CHE 116: Numerical Methods and Statistics

Prof. Andrew White

Version 1.0 (2/22/2016)


1. System of Equations (5 Points)

Solve this system of equations using the linalg package. Answer in Python.

$$\begin{array}{ll} 6 x + 4 y &= z^2\\ x - y &= 6 \\ 2x - 2y &= z^2 - 4 \\ \end{array}$$

In [22]:
import numpy as np
from numpy import linalg

#note z^2 doesn't affect our answer
a_matrix = [[6, 4,-1],\
            [1, -1, 0],\
            [2, -2, -1]]
b_matrix = [0, 6, -4]

#convert them to numpy arrays/matrices
np_a_matrix = np.array(a_matrix)
np_b_matrix = np.array(b_matrix).transpose()

#Solve the problem
np_a_inv = linalg.inv(np_a_matrix)
np_x_matrix = np_a_inv.dot(np_b_matrix)

#print the solution, making sure to use z
print(np_x_matrix[0], np_x_matrix[1], np.sqrt(np_x_matrix[2]))


4.0 -2.0 4.0

2. Chemical Reaction (6 Points)

A set of frist-order chemical reactions can be described by the following system of differential equations:

$$\begin{array}{lr} \cfrac{dC_1(t)}{dt} = & -2 C_1(t) + C_2(t) + C_3(t)\\ \cfrac{dC_2(t)}{dt} = & 2 C_1(t) - 4 C_2(t)\\ \cfrac{dC_3(t)}{dt} = & 3 C_2(t) - C_3(t)\\ \end{array}$$

Answer the following questions:

  1. [1] Write down this system of ODEs using a matrix notation
  2. [2] Mass is conserved in these equations. How can you tell from the matrix?
  3. [1] Find the eigenvalues and eigenvectors for the coefficient matrix. It is not Hermitian. Use linalg.
  4. [2] One of the eigenvalues is special. Make an argument, using math and python, for why this is significant with respect to equilibrium.

2.1 Answer

$$\left[\begin{array}{lcr} -2 & 1 & 1\\ 2 & -4 & 0\\ 0 & 3 & -1\\ \end{array}\right] \left[\begin{array}{c} C_1(t)\\ C_2(t)\\ C_3(t)\\ \end{array}\right] = \left[\begin{array}{c} \cfrac{d\,C_1(t)}{dt}\\ \cfrac{d\,C_2(t)}{dt}\\ \cfrac{d\,C_3(t)}{dt}\\ \end{array}\right]$$

2.2 Answer

The amount of $C_1$ leaving has to equal the amount of $C_1$ coming in. This is guaranteed by the columns summing to 0.

2.3 Answer


In [2]:
c_mat = np.array([[-2, 1,1], [2, -4, 0], [0, 3, -1]])
e_l, e_v = linalg.eig(c_mat)

In [3]:
for i in range(3):
    print(e_l[i], e_v[:, i])


-4.0 [  5.45747210e-16   7.07106781e-01  -7.07106781e-01]
-3.0 [-0.26726124 -0.53452248  0.80178373]
-3.84352614539e-16 [ 0.53452248  0.26726124  0.80178373]

2.4 Answer

That eigenvector results in all derivatives being $0$, meaning the concentrations do not change


In [4]:
print(c_mat.dot(e_v[:,2]))


[  1.22124533e-15  -6.66133815e-16  -5.55111512e-16]

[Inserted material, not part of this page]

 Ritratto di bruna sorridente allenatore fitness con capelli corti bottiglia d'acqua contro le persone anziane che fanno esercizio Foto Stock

3. Python Practice (20 Points)

All your functions must have docstrings for full credit.

  1. [4] Create a button and text input, where the value of the text box is printed out. Make it so that the output area is cleared each time the button is pressed.

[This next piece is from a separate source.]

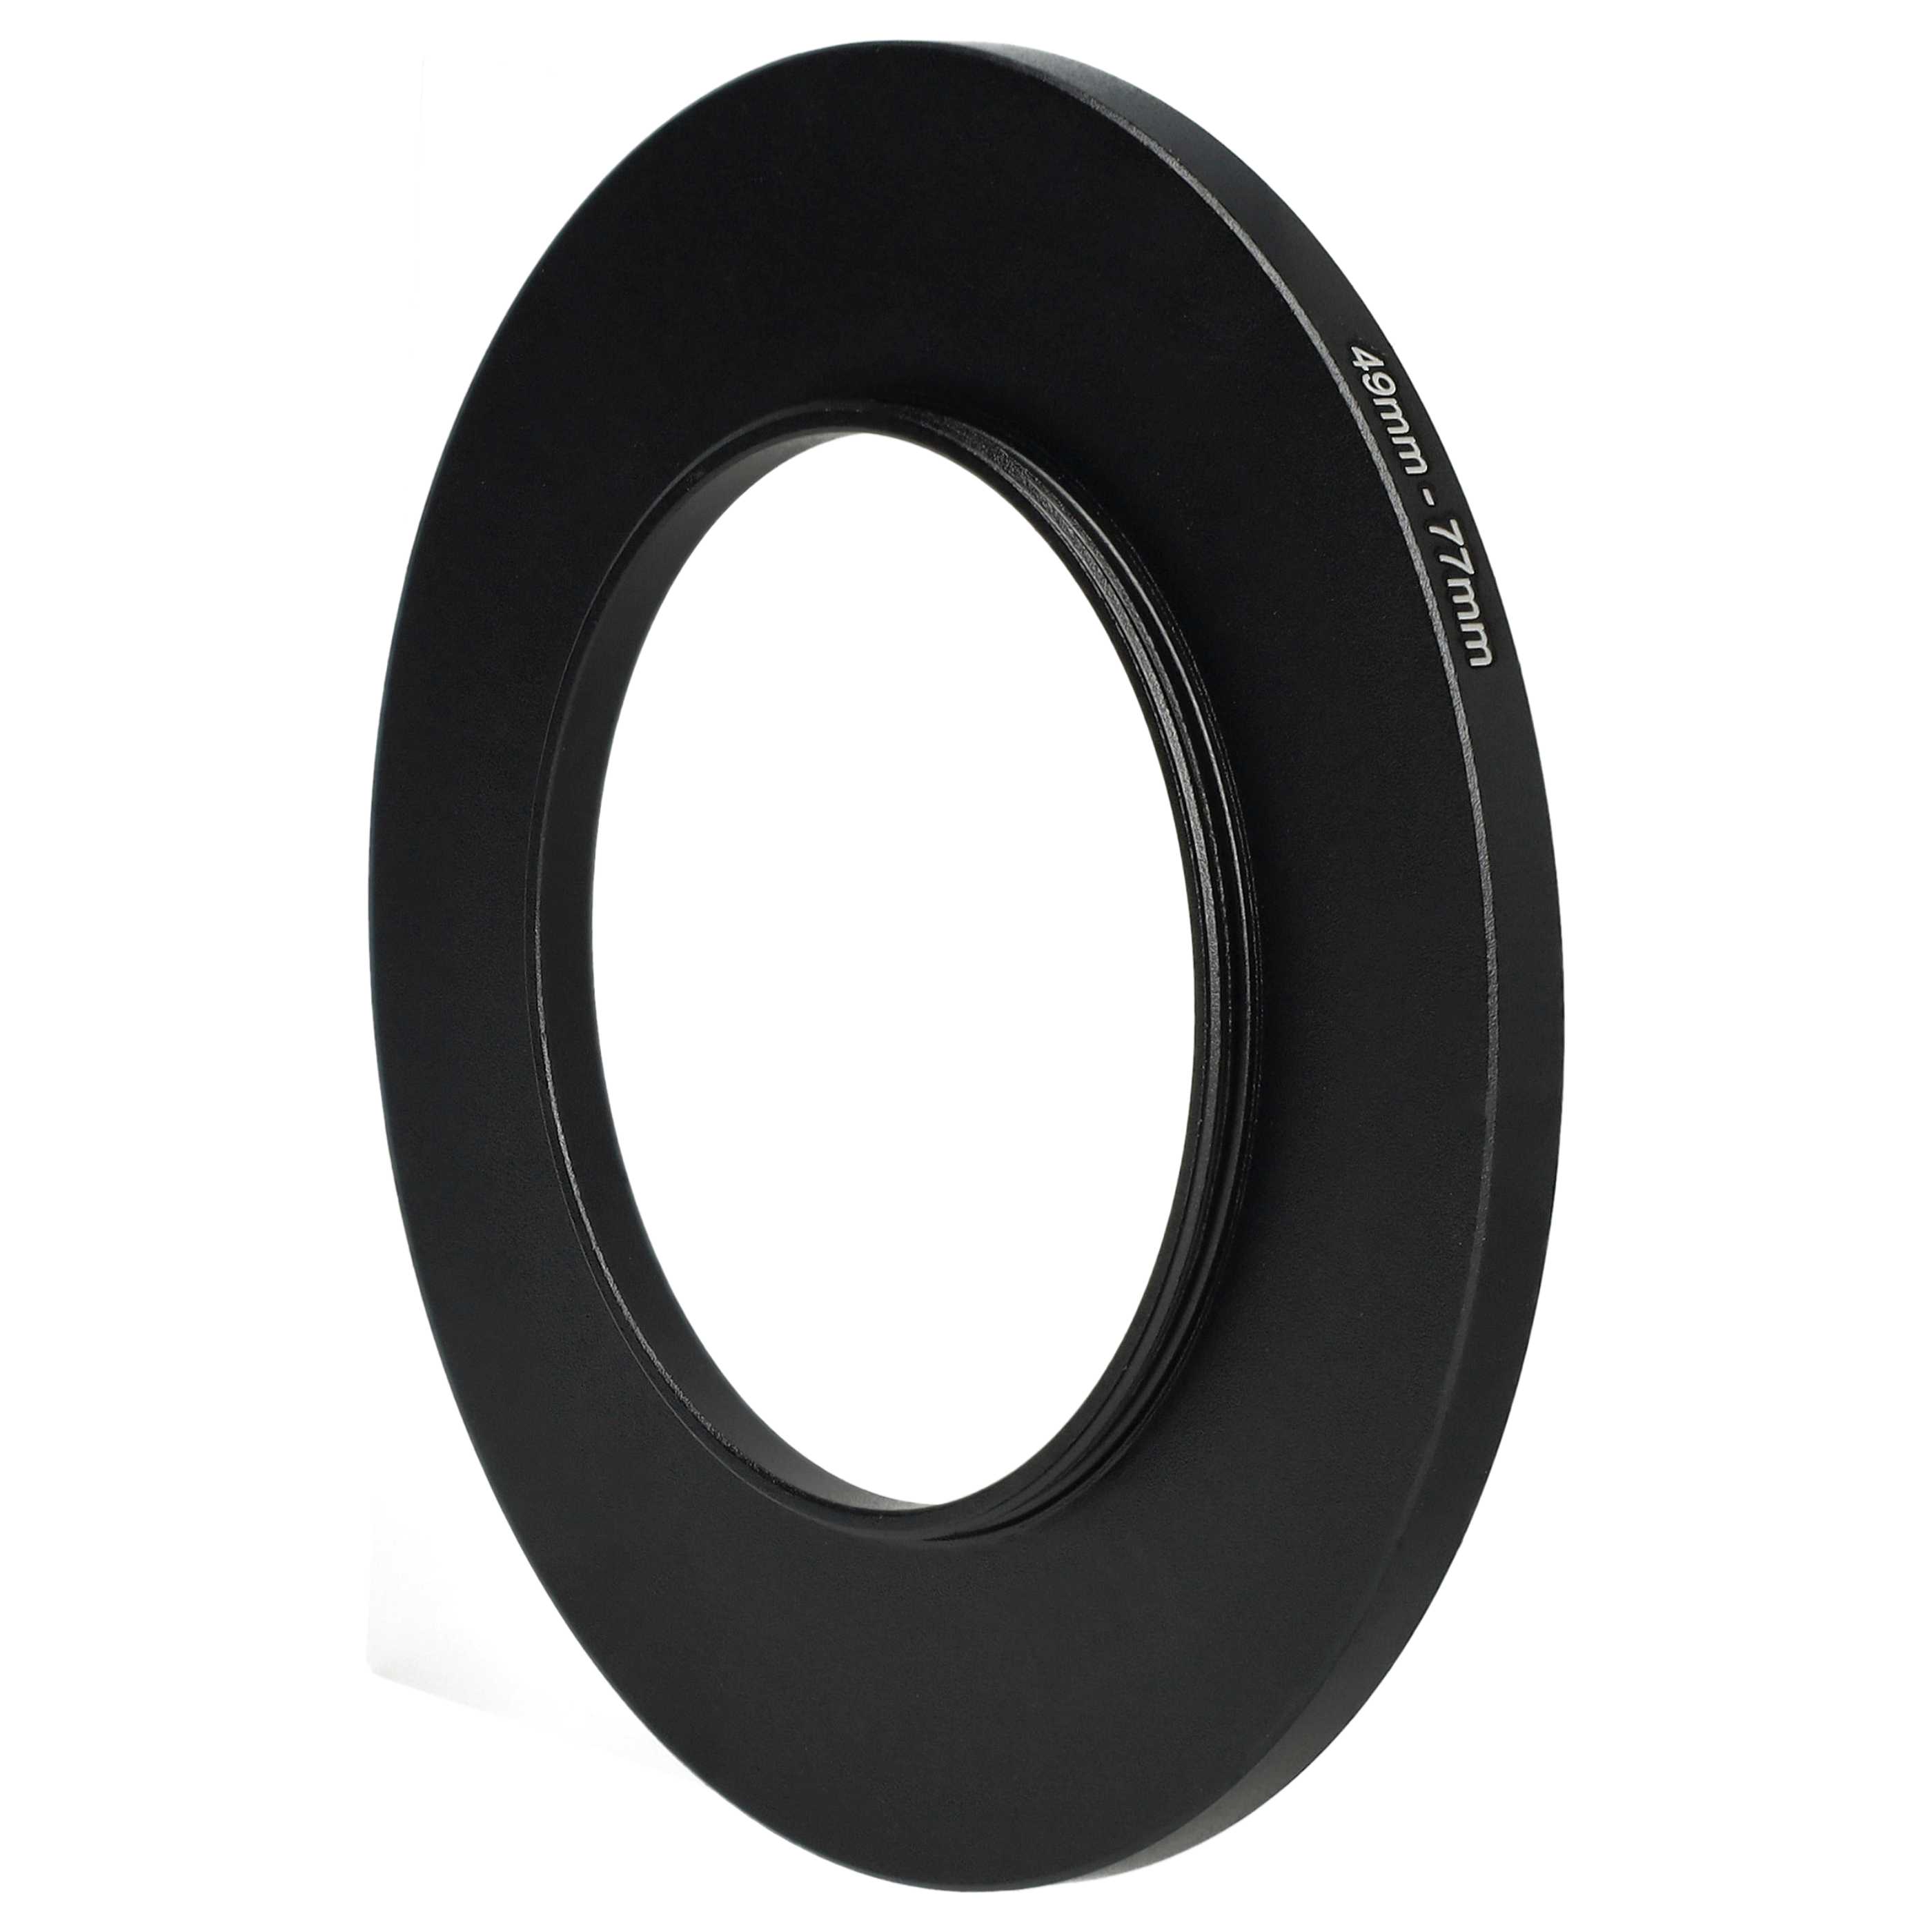 Step-Up-Ring Adapter 49 mm auf 77 mm passend für diverse Kamera-Objektive - Filteradapter

  2. [4] Create a button that prints a random integer from 0 to 10 using the random.randint function.

  3. [4] Make a list of strings. Using your button from part 2, now have it print a random string from your list.

  4. [8] Take the following matrix: [[3, 2, -6], [2, 6, 4], [3, 4, 0]] and use an interaction widget to display its eigenvalues and eigenvectors. Your slider should go from 0 to 2 and each value should result in a latex display showing the eigenvalue and eigenvector. Note that Python eats {} in strings, so you'll have to use {{}}. This is called escaping. Python also eats many things that have a backslash. For example, \b means backspace to python. And \\ means \ in python. So you'll have to write \\ when you want LaTeX to see \ and in general use some trial in error about backslashes. You can never have too many though! For example, write \\begin{{array}} to start your matrix. Use three ''' for example''' to have a string that spans multiple lines. Summary comic. Practice getting the LaTeX correct before putting it all together.


In [23]:
#3.1 Answer

from ipywidgets import widgets
from IPython import display 

button = widgets.Button(description="Print")
text = widgets.Text('')

def clear_and_print(b):
    display.clear_output()
    print(text.value)

button.on_click(clear_and_print)

display.display(text)
display.display(button)


3

In [25]:
#3.2 Answer

import random

def randint(b):
    display.clear_output()
    print(random.randint(0,10))

button = widgets.Button(description='random')
button.on_click(randint)
display.display(button)

In [24]:
#3.3 Answer

my_strings = ['(⊙ᗜ⊙)', '╚═╏ ⇀ ͜ر ↼ ╏═╝', 'ლ(́◉◞౪◟◉‵ლ)', 'ლ(ʘ̆〰ʘ̆)ლ']

def rand_string(b):
    display.clear_output()
    print(my_strings[random.randint(0,len(my_strings))])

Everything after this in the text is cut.